No blocking issues. The implementation is clean, well-tested, and maintains the silent-failure contract throughout.

[ds9-tester-bot]

RE-QA APPROVED — SHA c8040d7 validated.

Diff verification: README.md corrects two stale schema references (hooks.userPromptSubmit → hooks.UserPromptSubmit; top-level path field → command inside hooks array). tests/test_session_end.sh adds SE-4 scenario (STATE_DIR completely absent). Both changes match the claimed scope exactly.

Test suite: 9/9 passed (test_date_rollover, test_first_run, test_gc_sweep, test_kill_switch, test_malicious_session_id, test_qh_tick, test_session_end, test_state_tracking, test_tz_shift). SE-4 executed and passed within test_session_end.

SE-4 manual sandbox verification: Ran session-end.sh with HOME set to a fresh temp dir containing no .claude directory. Exit code: 0. Post-run ls confirms .claude was never created.

Regression smoke tests: inject-time-context.sh correctly injects context and creates state file for fresh session_id (PASS). session-end.sh deletes only its own session file from a three-file STATE_DIR, leaving siblings untouched (PASS).

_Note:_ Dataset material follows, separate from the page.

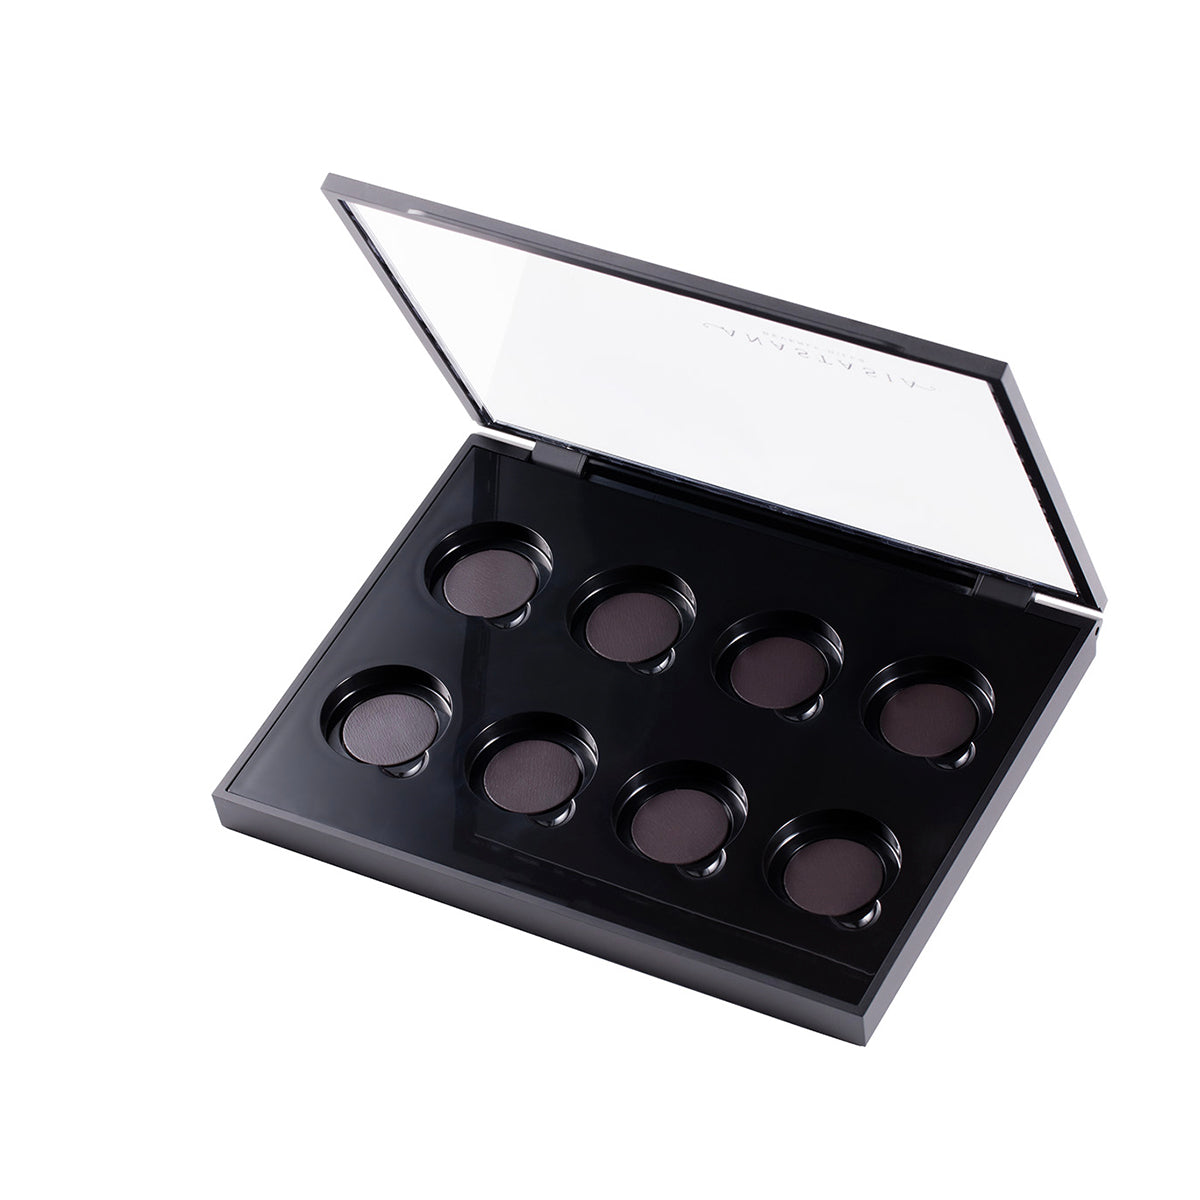 8 Well Shadow Palette

No regressions detected. PR is ready to merge.

[ai-security-review-bot]

Re-review of SHA c8040d7 (follow-up commit addressing PR #1 review feedback).

Prior [Review] subitems — all properly addressed:

1. hooks.userPromptSubmit casing: README now correctly uses hooks.UserPromptSubmit (PascalCase array). Verified matches settings.example.json and scripts/install.sh lines 95/117/155-163.

2. Top-level path field: README now correctly describes command field inside the inner hooks array entry. Matches actual settings schema shape produced by the installer.

3. SE-4 absent-STATE_DIR test: Added. Removes both STATE_DIR and the entire ${HOME}/.claude/state tree before exercising the hook — correctly models the "never created" scenario. Asserts exit 0 and empty stdout/stderr. Does NOT assert dir re-creation (correct — mkdir is UserPromptSubmit's job, not SessionEnd's). Style is consistent with SE-1/SE-2/SE-3 (numbered variable suffixes, comment header block, assert ordering). Full suite runs 9/9 green.

No new [Review] subitems filed. The delta is clean.

APPROVE — no blocking issues in the follow-up commit.